An additional interesting observation of the total number of collocates, subsemantic domains and main semantic domains shared by each pair of near-synonyms, as shown in Table 5.3: with the decrease of cosine similarity, the number of shared collocates and semantic domains decreases accordingly , with Total number of collocations, sub-semantic domains, main semantic domains shared by each pair of near-synonyms.
Semantic Domain Network Analysis of Exclusiveness
- Ship vs. Vessel
- Maritime vs. Marine
- Sea vs. Ocean
- Safety vs. Security
- Port vs. Harbor
Therefore, through semantic domain network analysis, we can clearly see which semantic domain is exclusive to the near-synonyms. Through semantic domain network analysis, we can clearly see which semantic domain is exclusive to maritime or marine. Through semantic domain network analysis, we can clearly see which semantic domain is exclusive to the ocean or the sea.
Through semantic domain network analysis, we can clearly see which semantic domain is exclusive to safety or security. Comparing and combining the results from these two semantic domain networks, it appears that Harbor has one G2.2 subcategory (general ethics);
Analysis of Shared Semantic Domains
For the first situation, security tends to merge more often into most shared semantic fields. However, the W3 subsemantic domain tends to correlate with safety with marine at a frequency of 255 compared to 11 for safety. In the third situation, in the main semantic domain I, security only joins financial ones belonging to I1 (Money in general), but security tends to join I2.1 (Business in general) such words.
In the first situation, marine tends to collocation with words in the semantic domains A, B, N, O and X; while seafaring usually collocates with words in semantic domains E, G and P. Table 5.6 shows that both seafaring and seafaring collocate with pollution, environment and environment, but these words more often favor marine (74 >2, 59> 2, 267>4).
Advantages and Limitations of Semantic Domain Network Analysis
Conclusion
Summary
For the third question, semantic domain network analysis proved to be an effective way to show the differences between near synonyms. Semantic domain information discussed in this thesis can help beginners of L1 and L2 understand the specific meanings of near-synonyms. When the learners want to distinguish near-synonyms by words that only coincide with them (i.e. by the exclusivity), main semantic domain network analysis shows us the exclusive domains to a certain near-synonym.
When students want to distinguish near-synonyms through a semantic domain shared by both near-synonyms, it is recommended that both the number of collocations and the frequency of collocations in the main semantic domain be considered. If a word A belongs to a semantic domain shared by both near-synonyms B and C, then in the semantic domain, (i) if.

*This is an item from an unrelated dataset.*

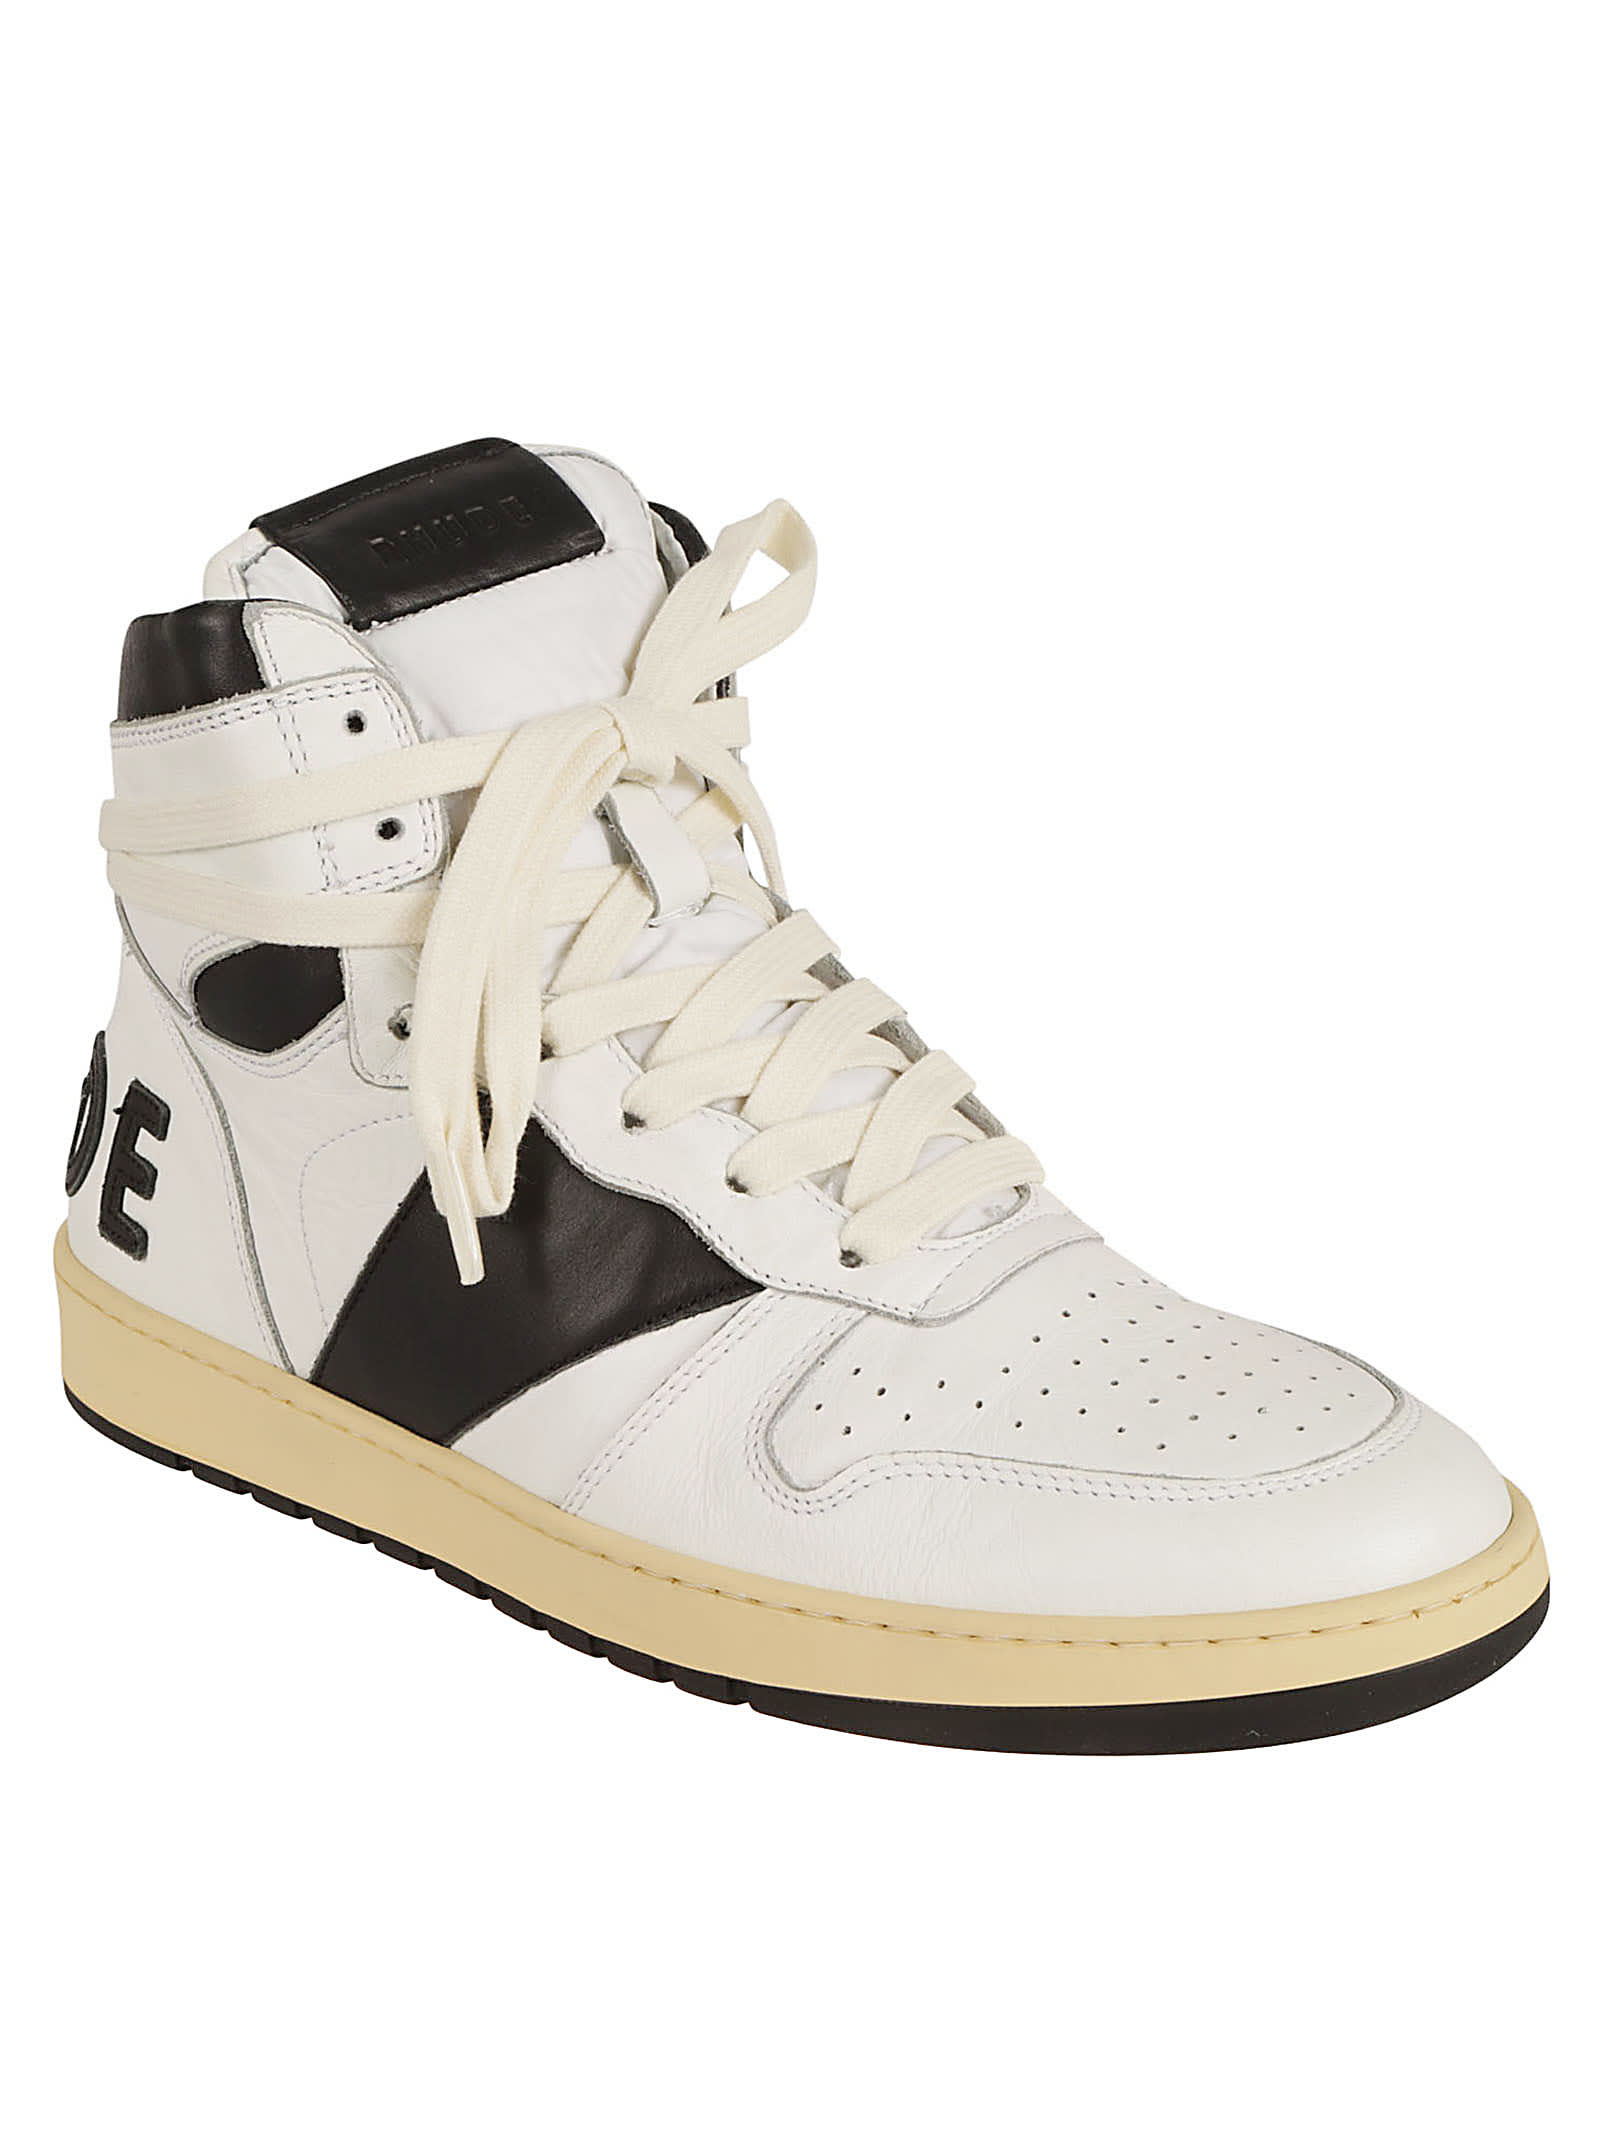 Shop Rhude Logo Embossed High Sneakers In White/black

Limitations and Implications
Mukherjee (Eds.), Dynamics on and of complex networks: Applications Biology, Computer Science, Economics, and the Social Sciences (pp. 145–166). Network Analysis of the Maritime English Corpus with Multiword Compounds: Keyword Networks and Collocation Networks (unpublished doctoral dissertation). In Proceedings of the workshop on Semantic labeling from beyond named entities for NLP tasks in collaboration with 4th.
In Proceedings of the 2nd ACM SIGIR (Association for Computing Machinery Interest Group on Information Retrieval) International Workshop on Query Representation and Understanding (pp. 3-5). Learning collocations: Do number of collocations, node word position, and synonymy affect learning.